Unfortunately I can not reproduce it as on my system it works fine with both values. Could it be a problem based on the size of the hosts file as it has to always read it completely?

Simply try ping testhost-01 at the command line to verify your name resolution.

I wouldn’t think so no. The hosts file isn’t that big at all. For the moment there are just 3 hosts and at the beginning I just tested it with only 1 host and the default 127.0.0.1 localhost route is there and nothing else.

Hi Roland,

Thank you for your response.

That’s the same thing Dirk already suggested and as I said, I tested it and it worked just fine.

Regards
Andy

And what is its result? If RTA > 4000ms everything works as expected. Means 5 packages with more than 4000 ms response time each is more than 20s total, hence, exceeds timeout.

Hi Roland

Here is the Result:

The other 2 are in a similar range, with 0.36 & 0.32 RTA

So am I understanding this correctly: Does this mean, that there is no possibility for me to use hostnames as Icinga takes too long to translate those names into IPs and sees those hosts as DOWN even though they aren’t?

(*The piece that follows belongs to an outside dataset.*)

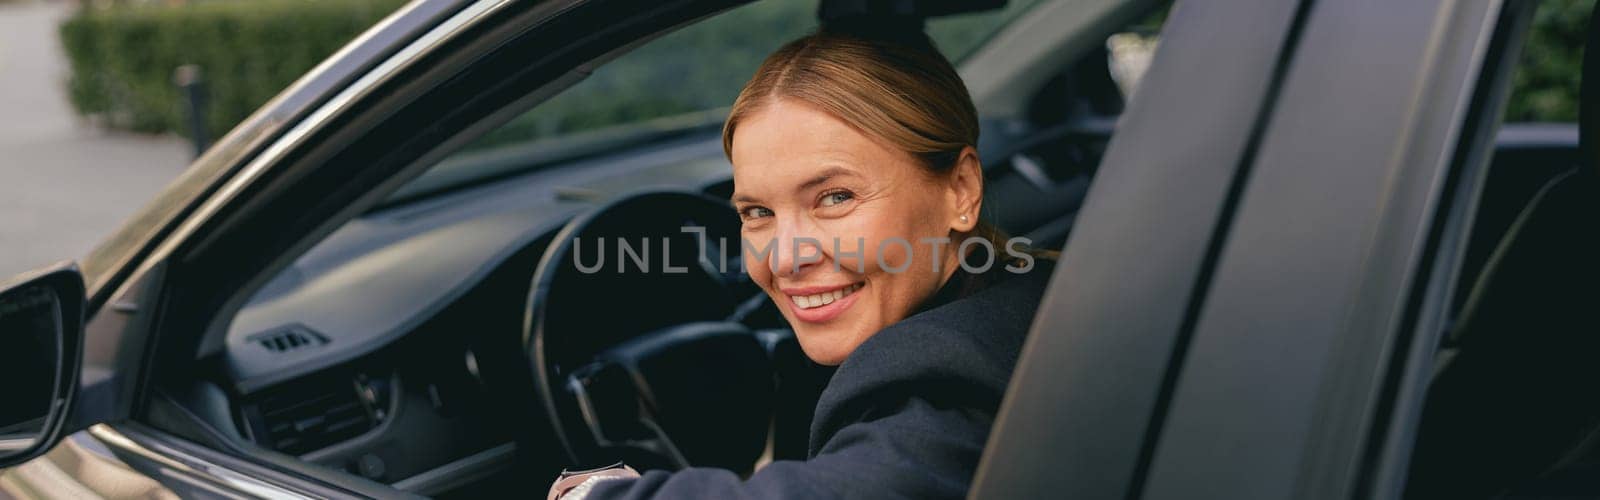 Smiling businesswoman in suit is riding behind steering wheel of car and looks camera by Yaroslav_astakhov
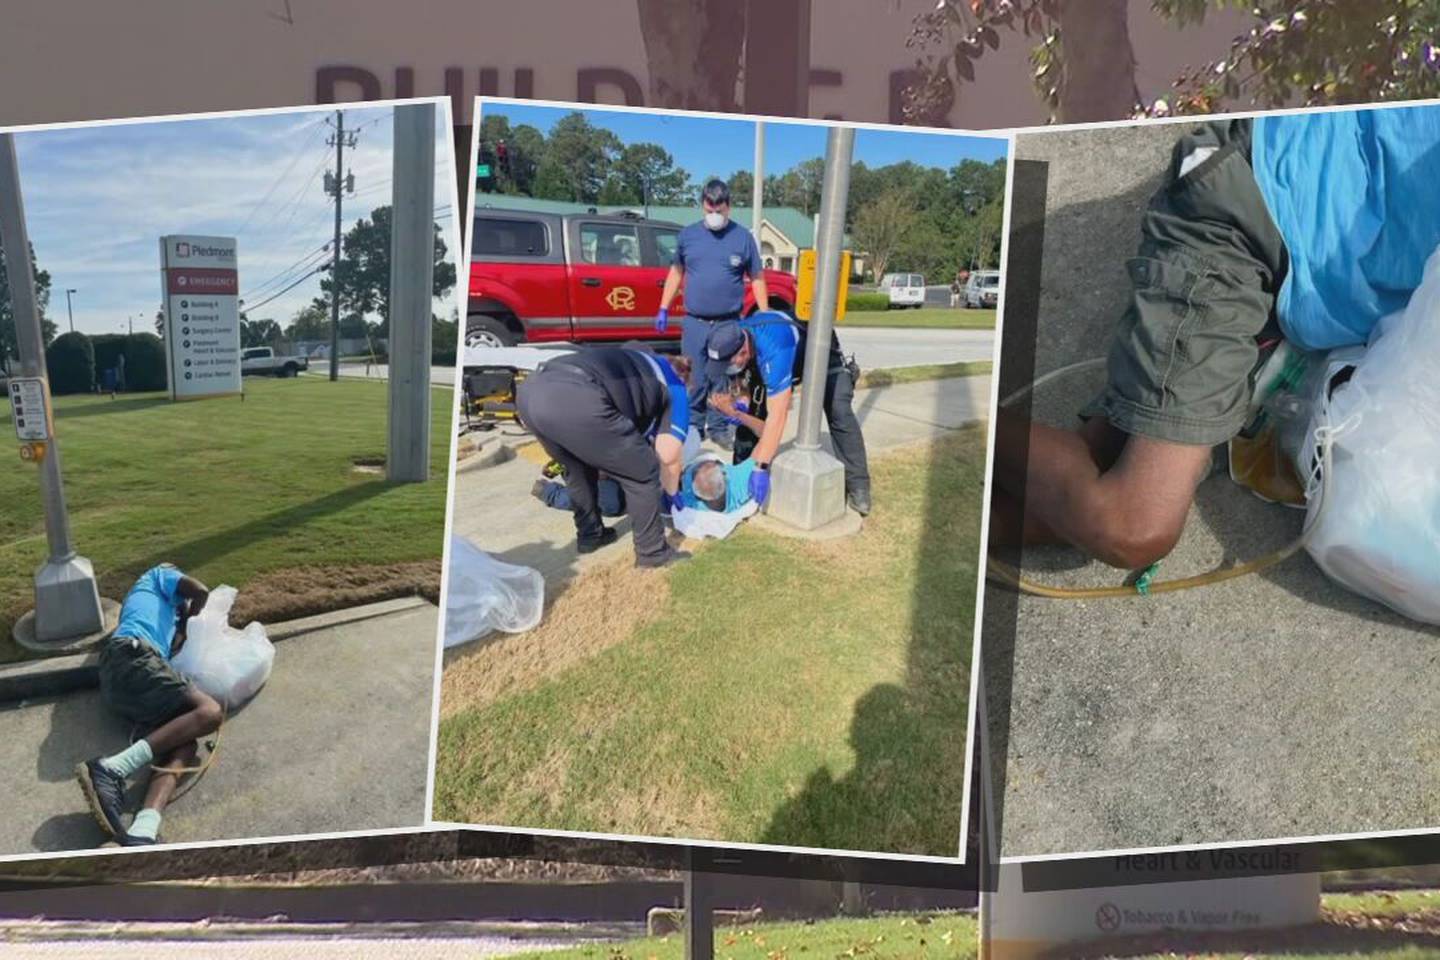 Channel 2′s Mark Winne was in Conyers Friday, where someone called 911 after finding the man collapsed on Milstead Avenue in Conyers, just steps fro

Icinga does no hostname translation at all. I’d recommend to enable icinga’s debuglog and check for any hints.

BTW: For better readability we love to see posts formatted as described here.

Ok, so, I tried to do this, but it didn’t work. @dgoetz thanks for the help, maybe it’s just a Network Problem and I don’t know how to handle it right now.
As a workaround, I put some const in the constants.conf file of icinga. It’s not the same thing, but it does the trick for now.

I’ll just mark this one as Solution and end it here.